Zaraz po przerwie piłkarze ręczni MMTS-u Kwidzyn ruszyli do ataku, ale zdołali tylko zmniejszyć stratę do 5 bramek (13:18). Xico Andebol grało skutecznie i nie pozwalało na "rozwinięcie skrzydeł" drużynie z Dolnego Powiśla. W 39. minucie miejscowi prowadzili 21:15. Jednak kwidzynianie podjęli jeszcze walkę. Zaczęli mozolnie odrabiać straty i w pewnym momencie przegrywali różnicą 4 trafień (19:23). Niestety zawodnikom trenera Zbigniewa Markuszewskiego w sobotę brakowało skuteczności.
Zespół z Guimarães zdołał uspokoić grę i w 48. minucie prowadził on w stosunku 25:20. W końcówce spotkania MMTS Kwidzyn poderwał się do walki, ale udało mu się tylko zmniejszyć rozmiary porażki do 3 goli. Pojedynek zakończył się zwycięstwem Xico Andebol w stosunku 28:25.
W szeregach polskiej ekipy najskuteczniejszym zawodnikiem był Michał Adamuszek, który 5 razy umieścił piłkę w siatce.

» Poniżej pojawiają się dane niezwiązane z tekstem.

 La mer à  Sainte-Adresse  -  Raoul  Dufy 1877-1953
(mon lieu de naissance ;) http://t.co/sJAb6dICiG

W barwach rywali klasę pokazał obrotowy José Ricardo Costa, który rzucił 8 bramek.
Jednak trzeba wspomnieć, iż w zespole Xico Andebol bohaterem meczu został bramkarz Paulo Sampaio, który popisał się 17 skutecznymi interwencjami. Nie jest on nawet podstawowym golkiperem portugalskiej drużyny. W bieżącym sezonie między słupkami klubu z Guimarães stał przeważnie Ivo Silva, ale leczy on obecnie kontuzję prawego kolana.

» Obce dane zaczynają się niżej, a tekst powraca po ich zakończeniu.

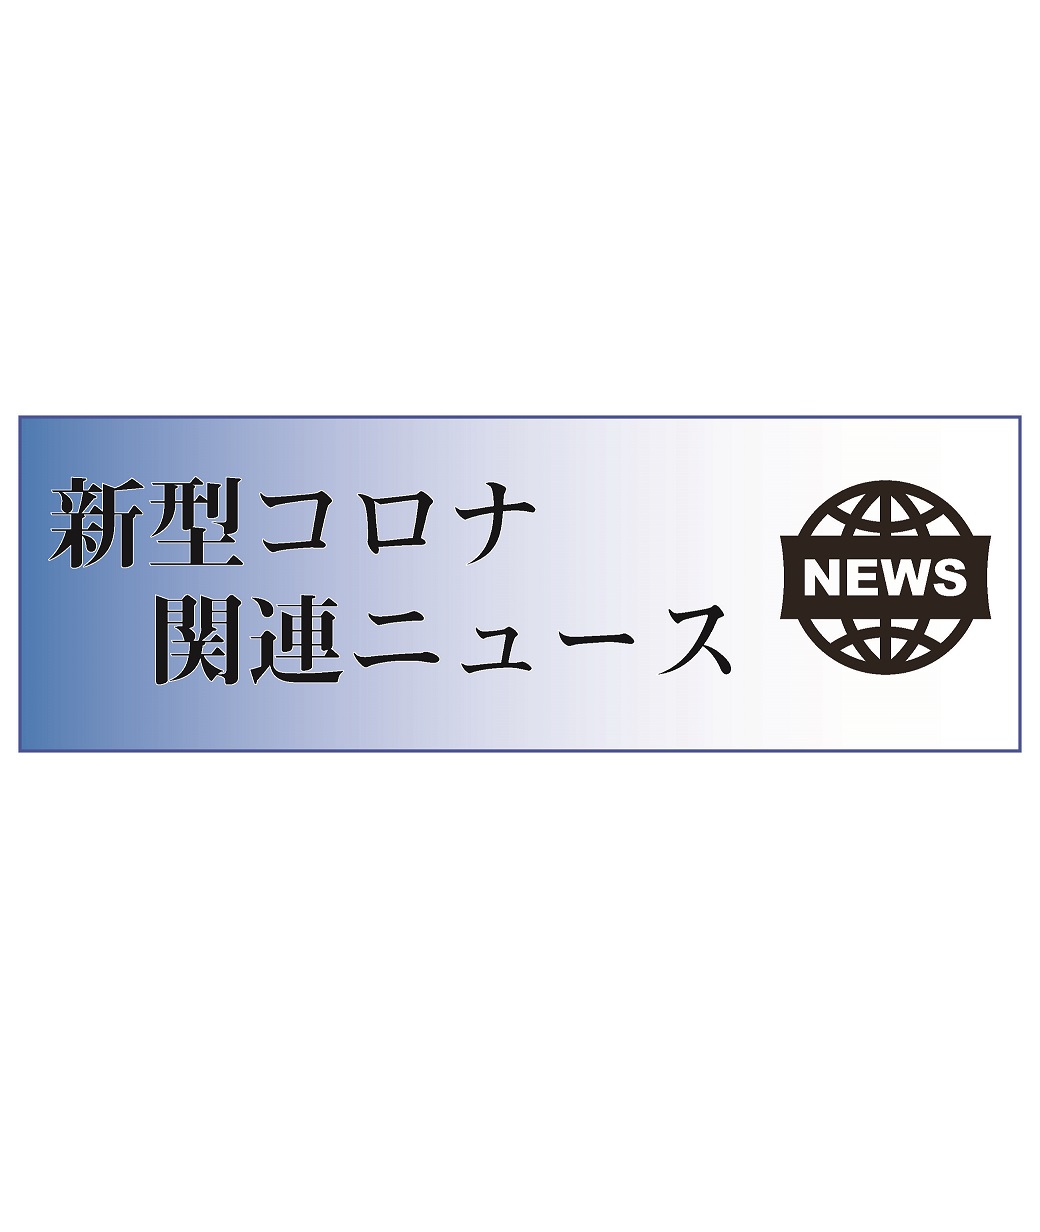 キット デンカ 抗原 検査 【速報】デンカ 新型コロナ抗原検査薬発売

- Spotkanie zaczęliśmy dynamiczną grą w obronie i według mnie dzięki temu wypracowaliśmy przewagę. W sobotę rano zobaczyliśmy, jakim wzrostem dysponują rywale i wiedzieliśmy już, że grę trzeba będzie prowadzić przede wszystkim na dziewiątym metrze. Jak już powiedziałem dobrym tempem oraz obroną powstrzymaliśmy nieco ataki polskiego zespołu i szybko przechodziliśmy do ofensywnej gry. Dzięki temu wypracowaliśmy dobrą zaliczkę przed rewanżem. Po przerwie przeciwnik zmienił sposób obrony. Mieliśmy mniej miejsca, musieliśmy ciężko pracować, aby znaleźć dobrą pozycję na szóstym metrze - wyraził swoje zdanie portugalskim mediom trener Nuno Santos, który jednak jest ostrożny przed rewanżem.
- Sprawa jest otwarta. To będzie zupełnie inny mecz, trudniejszy o wiele od tego pierwszego. Musimy zagrać świetnie w obronie. Tylko w ten sposób możemy zapewnić sobie awans - dodał szkoleniowiec Xico Andebol.
Do drugiego spotkania dojdzie w niedzielę o godzinie 18:00 w hali Desportivo Francisco de Holanda. Pierwsze starcie z trybun obejrzało 800 kibiców, w tym 30 z Polski.
MMTS Kwidzyn - Xico Andebol 25:28 (11:17)
MMTS: Sebastian Suchowicz, Artur Gawlik, Miłosz Jedowski - Robert Orzechowski 2, Maciej Mroczkowski 3, Michał Peret 3, Dzmitry Marhun 4, Michał Adamuszek 5, Tomasz Witaszak 1, Łukasz Cieślak, Patryk Rombel, Mateusz Seroka 2, Łukasz Czertowicz 1, Michał Waszkiewicz 4.
Xico: Paulo Sampaio, Pedro Barbosa - José Ricardo Costa 8, Jorge Rodrigues 5, César Gonçalves 7, Marino Machado, Tiago Silva, José Rodrigues 1, Rui Silva 5, Domingos Teixeira, José Sampaio, Nuno Silva 2, João Silva.